2021/01/21 14:39:00 ERROR : test/rclonetest/test.txt: vfs cache: failed to download: vfs reader: failed to write to cache file: failed to open for download: -> github.com/Azure/azure-storage-blob-go/azblob.newStorageError, github.com/Azure/azure-storage-blob-go@v0.12.0/azblob/zc_storage_error.go:42
===== RESPONSE ERROR (ServiceCode=BlobNotFound) =====
Description=The specified blob does not exist.
RequestId:b3bf8046-901e-0073-43fa-ef2907000000
Time:2021-01-21T13:39:00.6662581Z, Details:
Code: BlobNotFound

I tried to replicate but I couldn't get the rename command to work

$ rename rclone rclone1 rclonetest
Bareword "rclone" not allowed while "strict subs" in use at (user-supplied code).

I'm trying

rename         1.10-1       all          Perl extension for renaming multiple files

Is that the correct command?

I am using it on SLES so I am not sure if its the same on your distribution.

It is this:
rename from util-linux 2.33.2

#zypper search util-linux
Refreshing service 'spacewalk'.
Loading repository data...
Reading installed packages...

S | Name | Summary | Type
--+--------------------+----------------------------------------+--------
i | util-linux | A collection of basic system utilities | package
| util-linux-lang | Languages for package util-linux | package
i | util-linux-systemd | A collection of basic system utilities | package

Additional Info:
The "link" from the old directory and files in the cache to the new filesystem structure is still working for the Metadata after some days. It only breaks for the File caching.
I can do "ls" to the files in the new directory and it routes it internally to the old folder and then to the new folder on blob. So everything is fine here. It also updates the Metacache.
But when I want to access the file it says the above errors cause it somehow lost the link between the old folder to the new folder on blob.

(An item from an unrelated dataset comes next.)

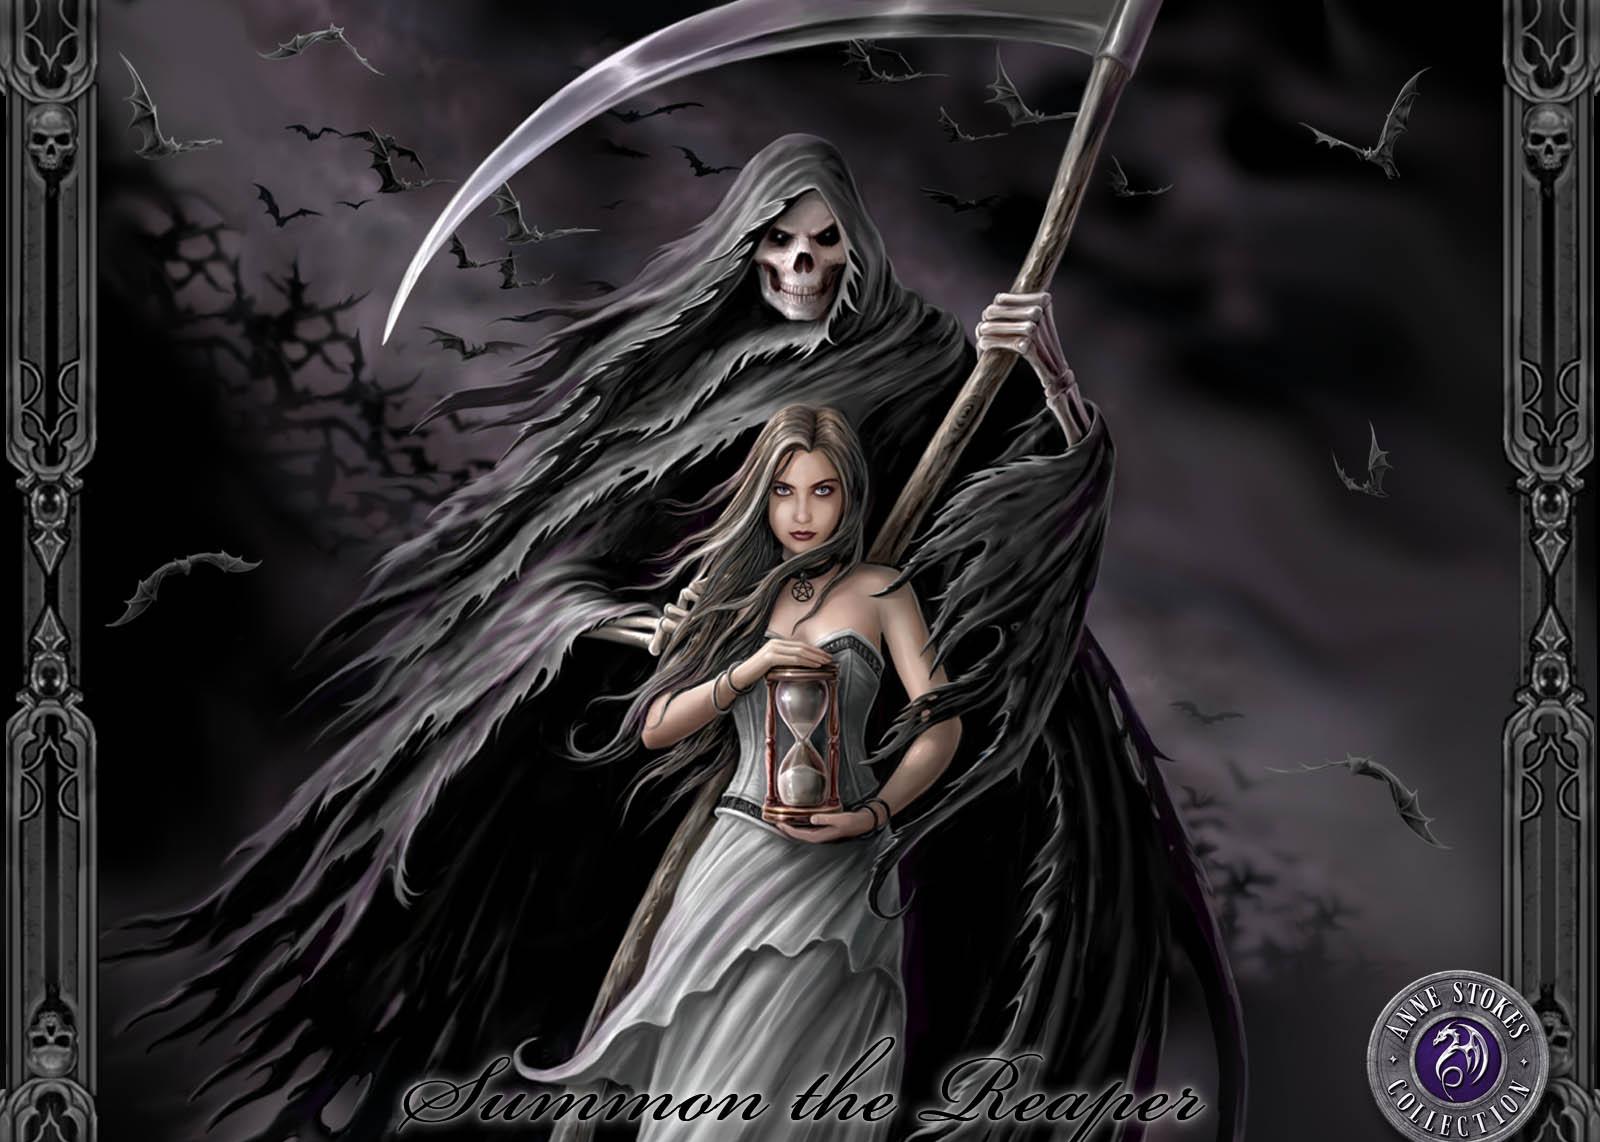 Grim Reaper Computer Wallpapers Desktop Backgrounds 1600x1142 ID 1600x1142

Sorry for the bad explanation.

Do you have any news here?

Ah, I've just figured out with a bit of grepping that it is called rename.ul in ubuntu

I haven't managed to replicate this with the latest beta.

Can you attach a complete log of the mount with -vv - I want to see exactly what happens around the time your run the rename command. I suspect something is going wrong with renaming the directory.

Note that renaming a directory on azureblob isn't straight forward - all the files within need to be renamed.